## Work task
Please make an exact copy of the lines from the one holding "Bride and Groom" through the end of the data, both ends included, with no pictures.

## Supplied data
╭──

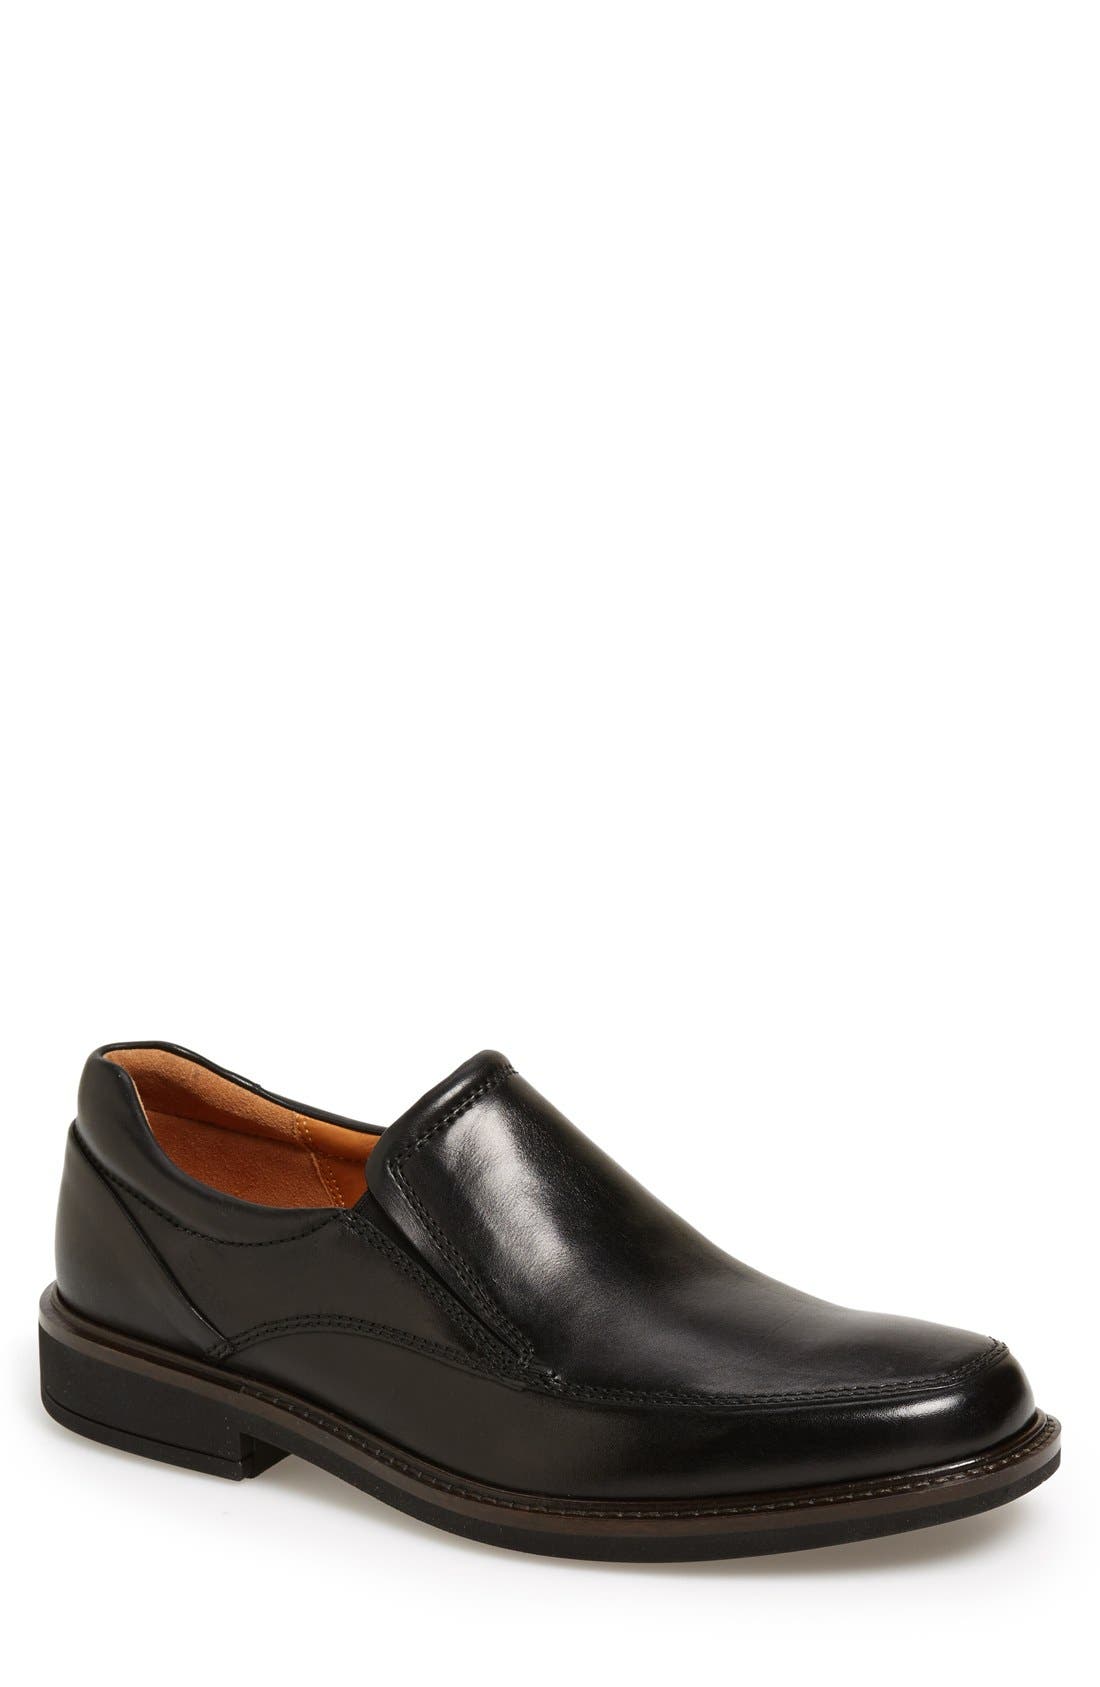 UPC 737431112100 product image for ECCO Holton Slip-On in Black Leather at Nordstrom, Size 6-6.5Us | upcitemdb.com
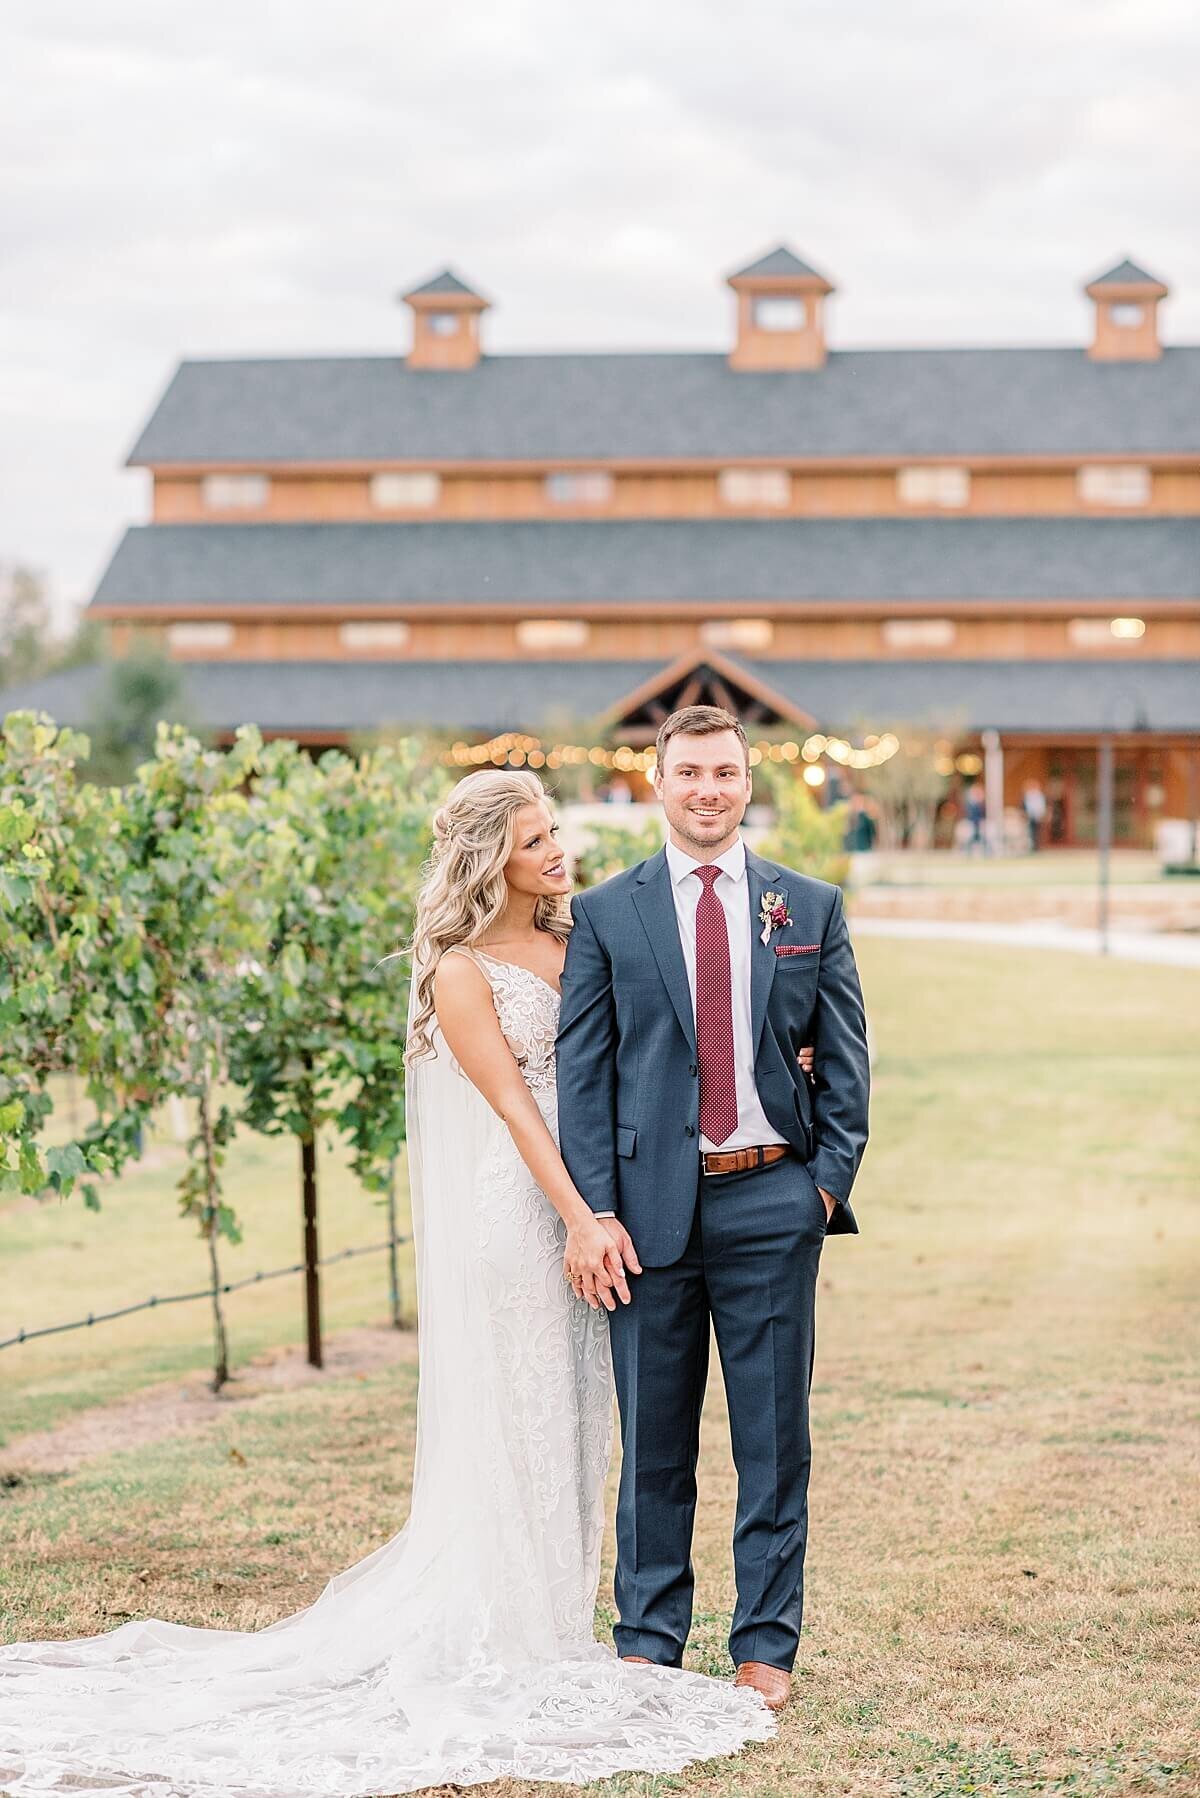 Bride and Groom Portraits at the Weinberg at Wixon Valley in Bryan Texas photographed by Alicia Yarrish Photography
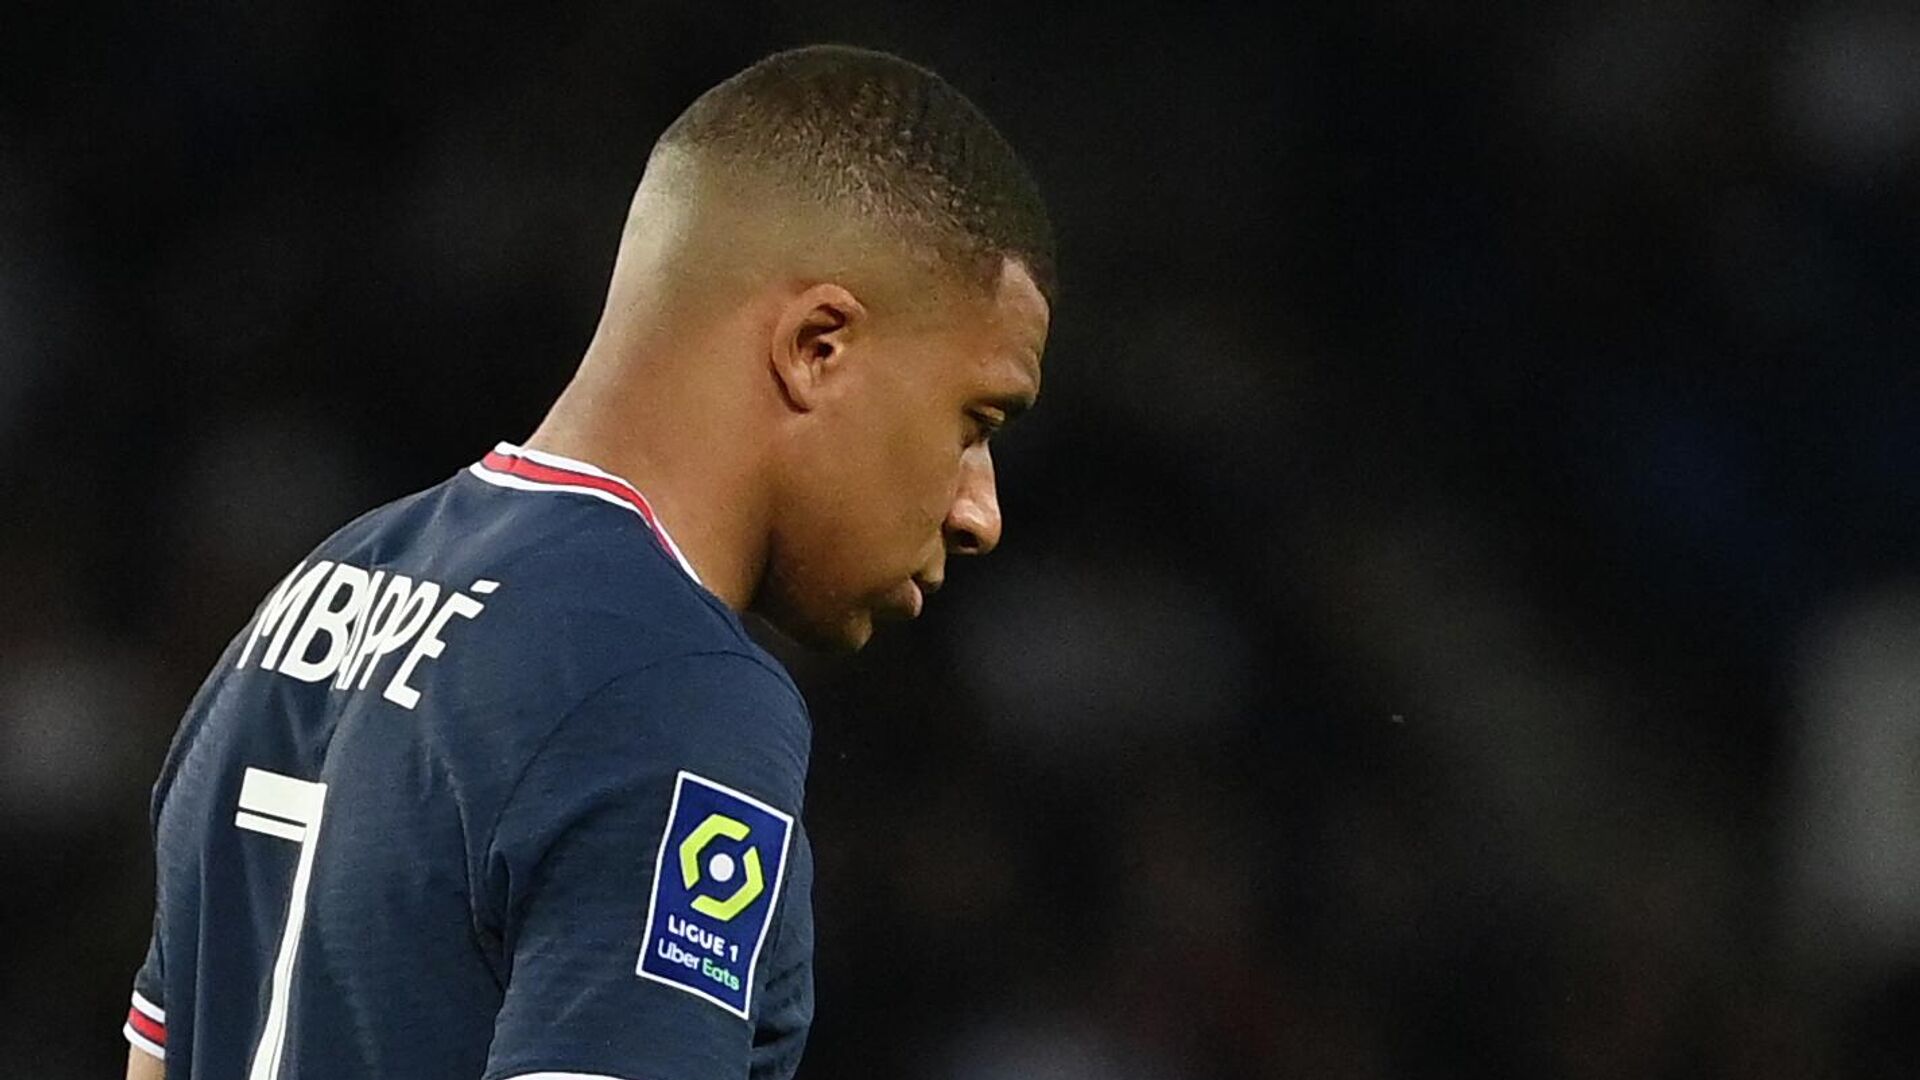 Paris Saint-Germain's French forward Kylian Mbappe reacts at the end of the French L1 football match between Paris-Saint Germain (PSG) and ES Troyes AC at The Parc des Princes Stadium in Paris on May 8, 2022 - Sputnik International, 1920, 21.05.2022

╰──

## Answer below
 Bride and Groom Portraits at the Weinberg at Wixon Valley in Bryan Texas photographed by Alicia Yarrish Photography
 Paris Saint-Germain's French forward Kylian Mbappe reacts at the end of the French L1 football match between Paris-Saint Germain (PSG) and ES Troyes AC at The Parc des Princes Stadium in Paris on May 8, 2022 - Sputnik International, 1920, 21.05.2022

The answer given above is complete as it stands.